**Provided material**
+++++

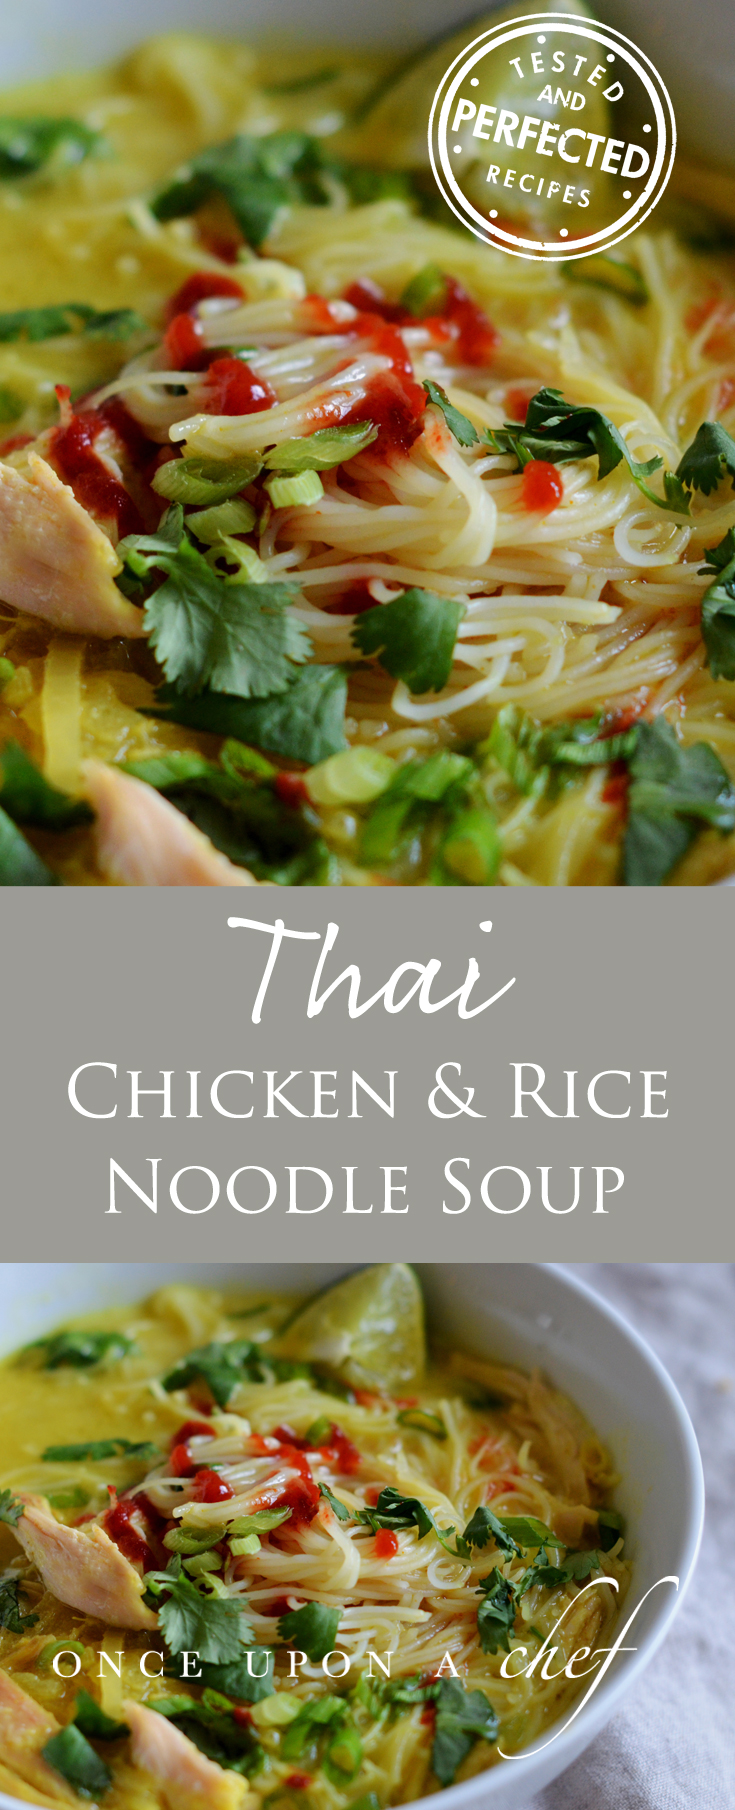 Thai Chicken & Rice Noodle Soup - Once Upon a Chef
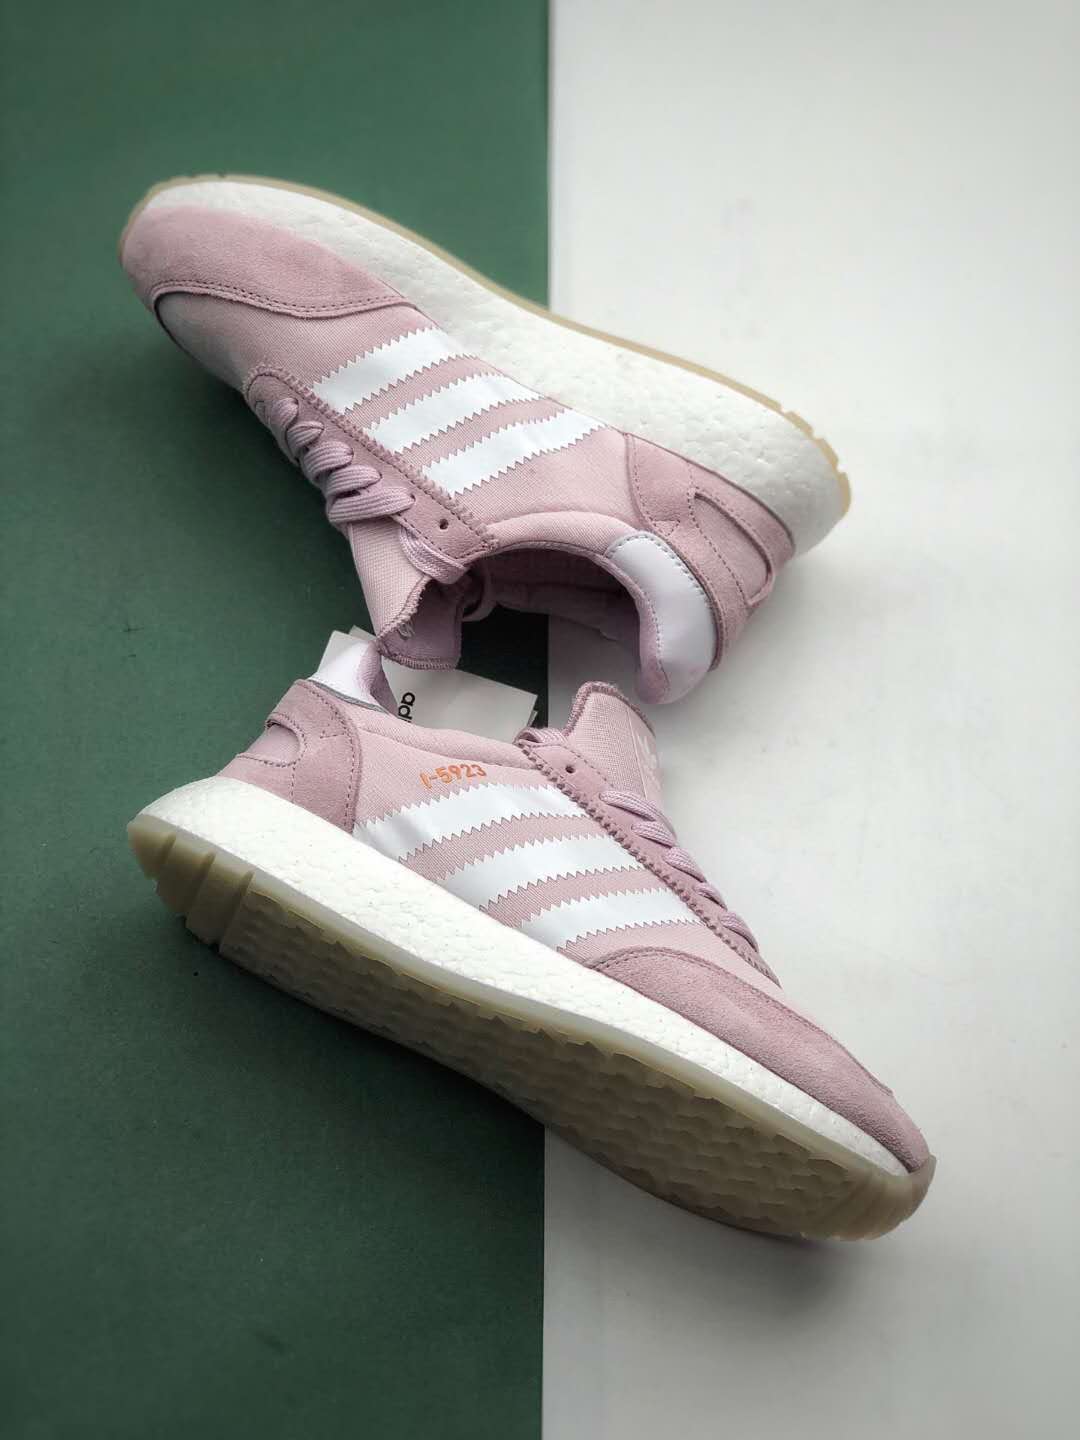 Adidas I-5923 Pink DA8789 - Stylish and Comfortable Women's Sneakers
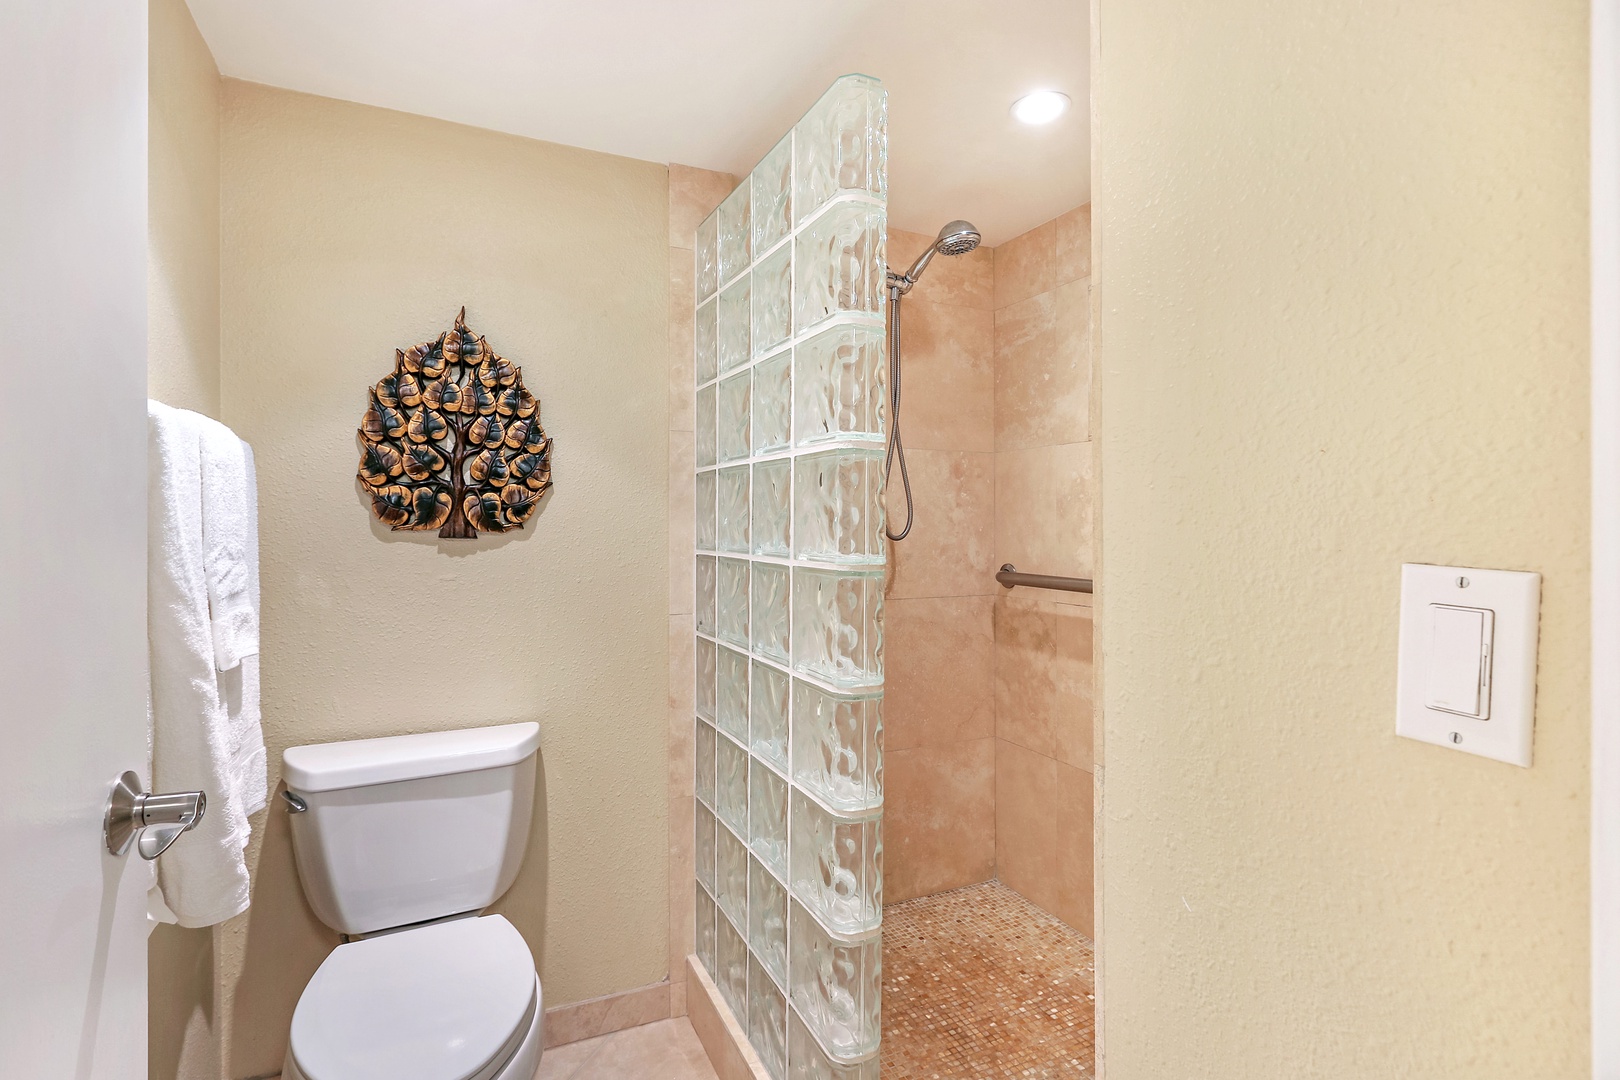 Ensuite bathroom with walk-in shower laundry area

+++++

**What the task requires**
A verbatim copy of the data, free of pictures, is the expected answer.

**Task result**
 Thai Chicken & Rice Noodle Soup - Once Upon a Chef
 Adidas I-5923 Pink DA8789 - Stylish and Comfortable Women's Sneakers
 Ensuite bathroom with walk-in shower laundry area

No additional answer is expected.